### Recorded information
Segment Open

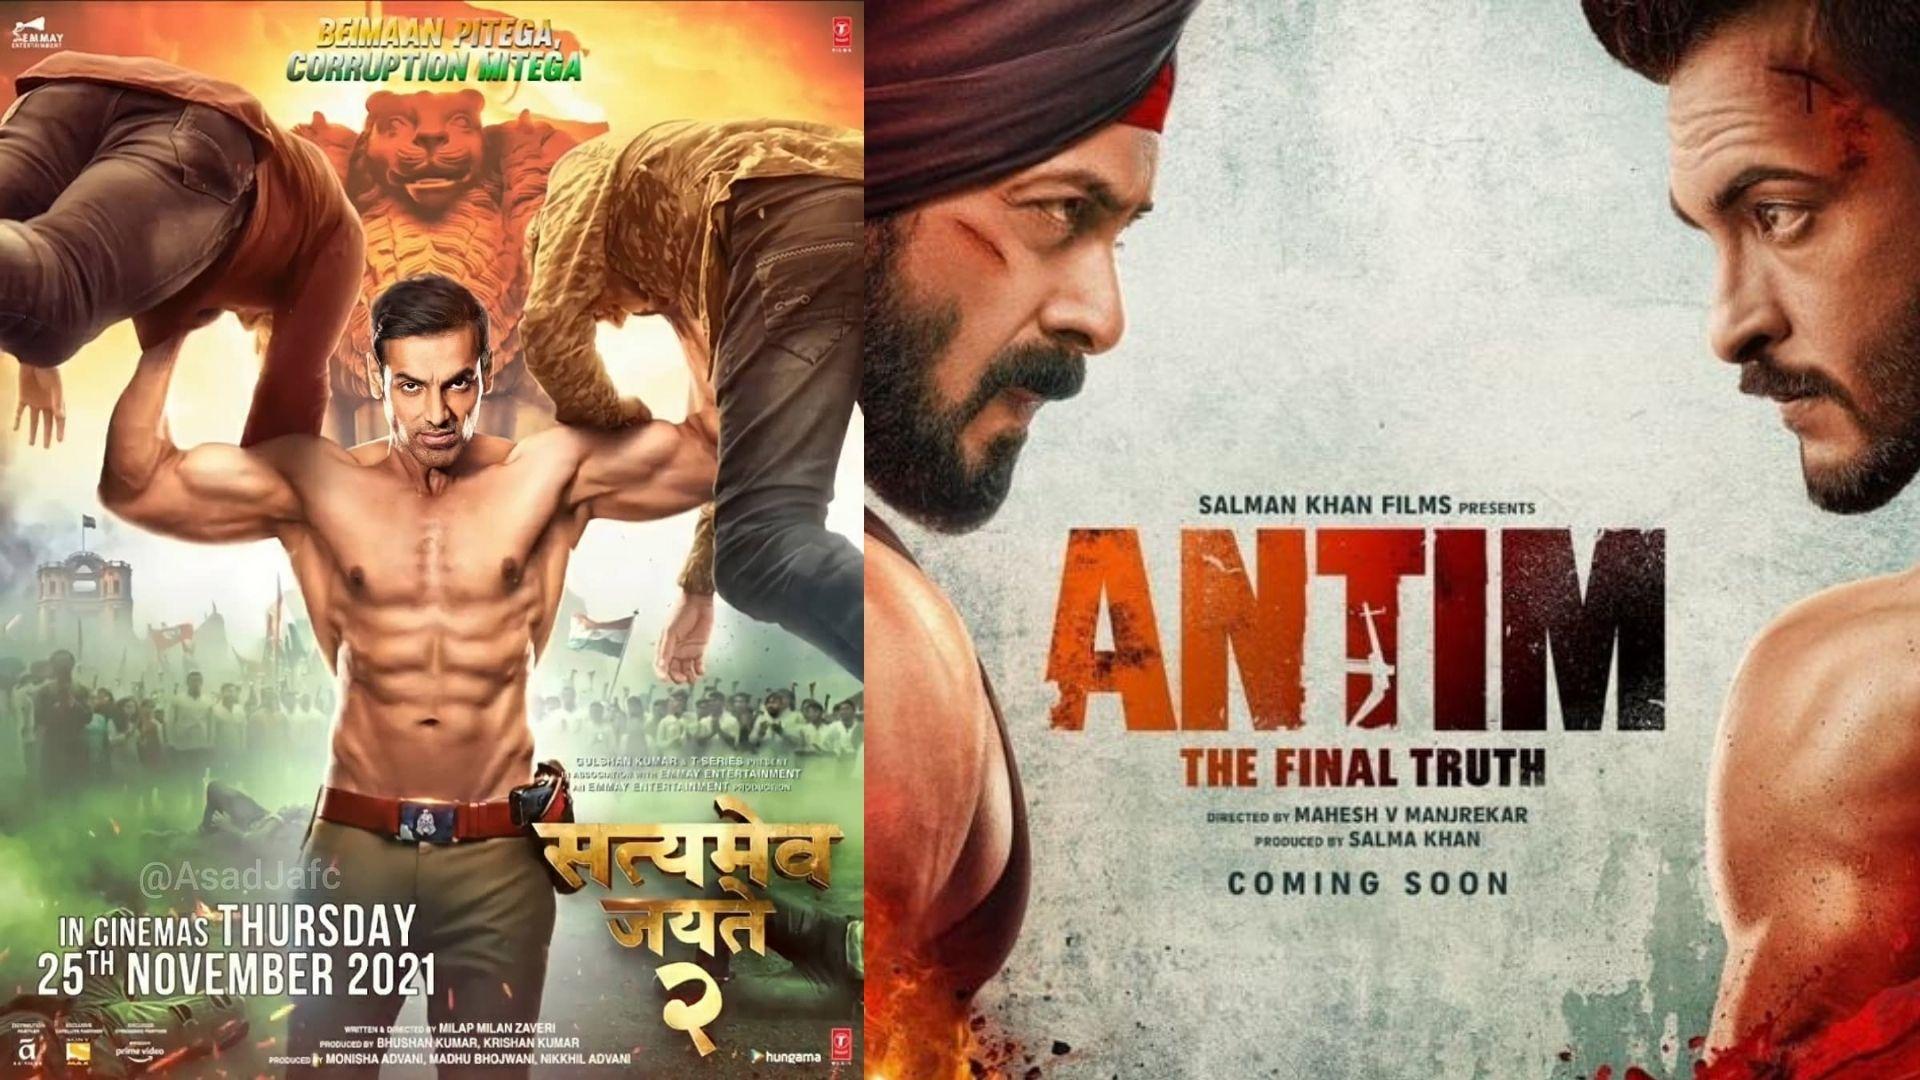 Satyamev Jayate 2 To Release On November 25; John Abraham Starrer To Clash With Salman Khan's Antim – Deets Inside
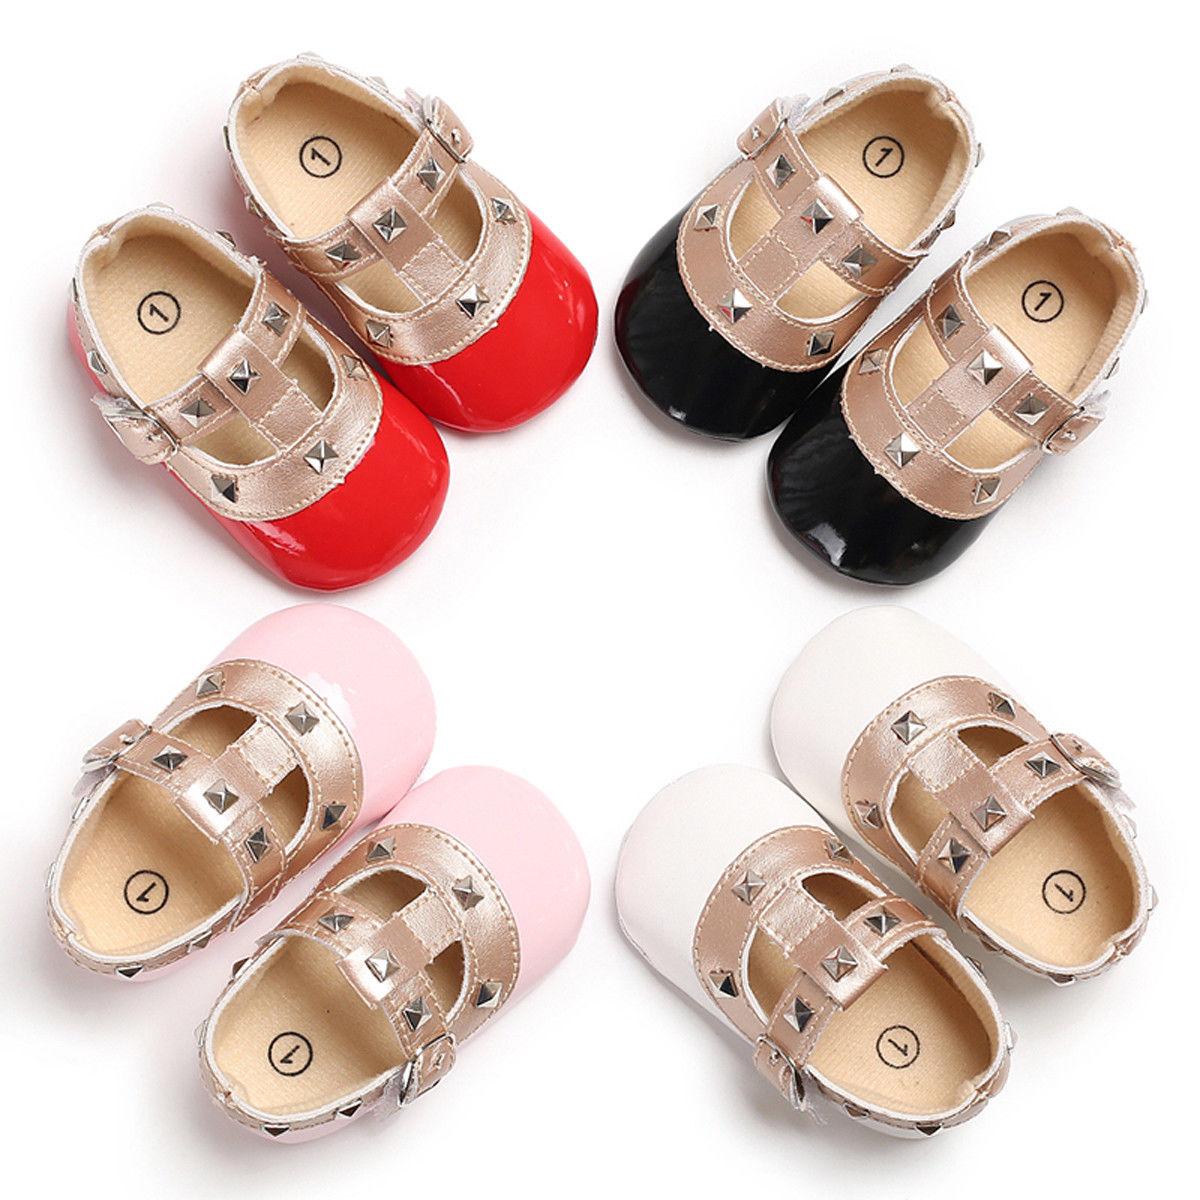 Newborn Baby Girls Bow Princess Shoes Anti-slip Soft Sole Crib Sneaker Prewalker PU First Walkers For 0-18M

Segment Closed
Segment Open

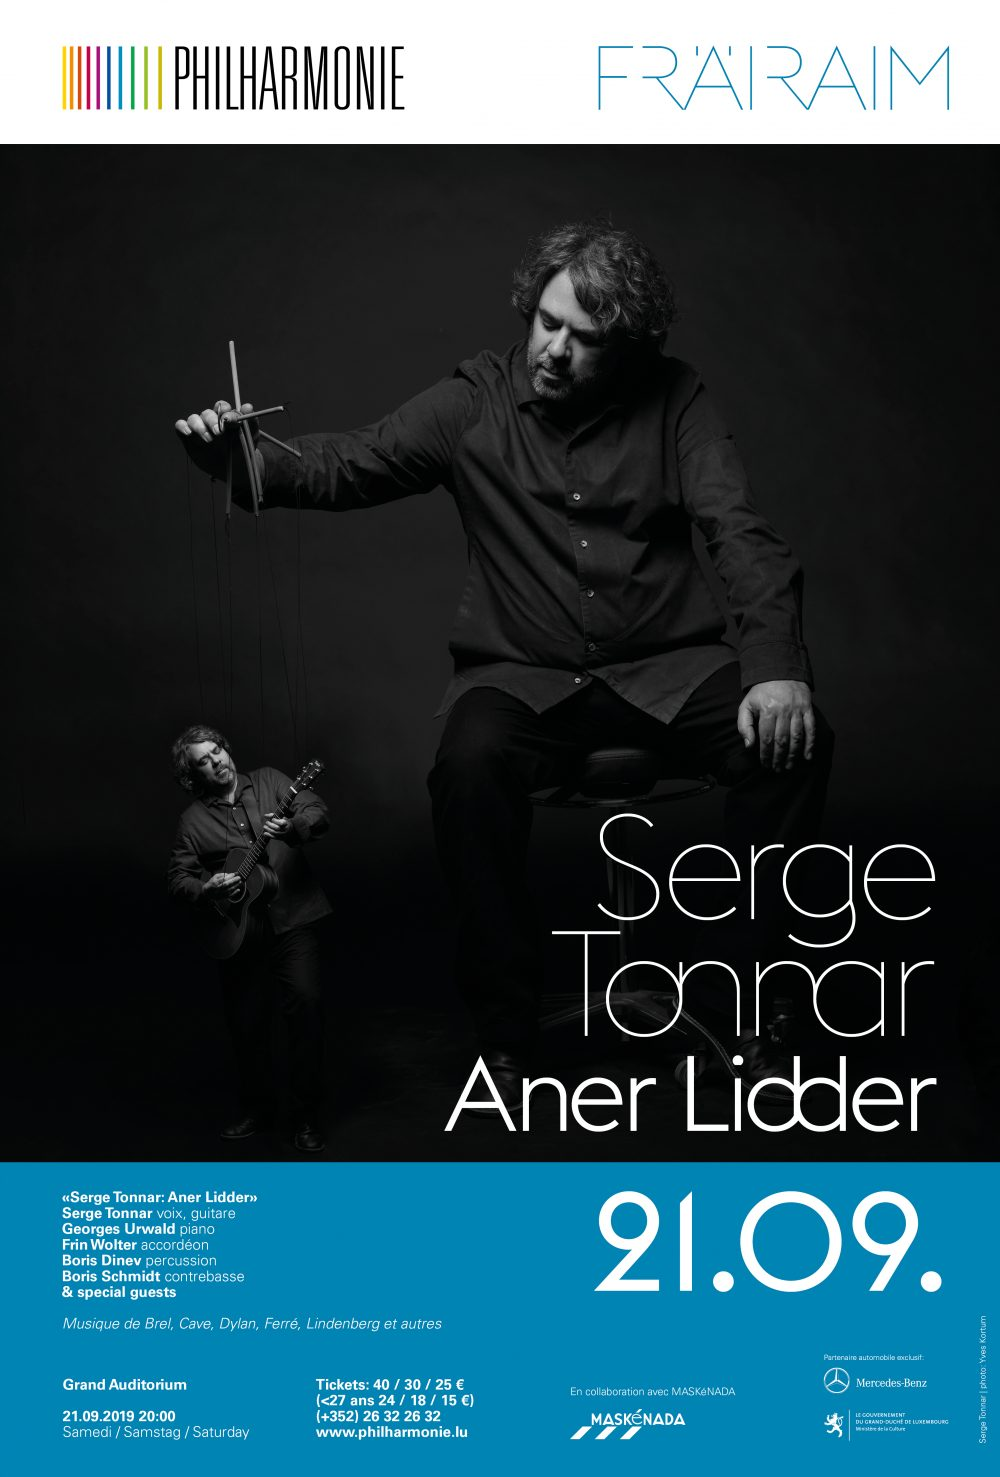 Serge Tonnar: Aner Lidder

Segment Closed

### What the exercise asks
Each line from the one that contains "Satyamev Jayate 2" down to the one that contains "Newborn Baby Girls" is to be returned exactly as it stands above, both ends included, with pictures removed.

### Worked solution
 Satyamev Jayate 2 To Release On November 25; John Abraham Starrer To Clash With Salman Khan's Antim – Deets Inside
 Newborn Baby Girls Bow Princess Shoes Anti-slip Soft Sole Crib Sneaker Prewalker PU First Walkers For 0-18M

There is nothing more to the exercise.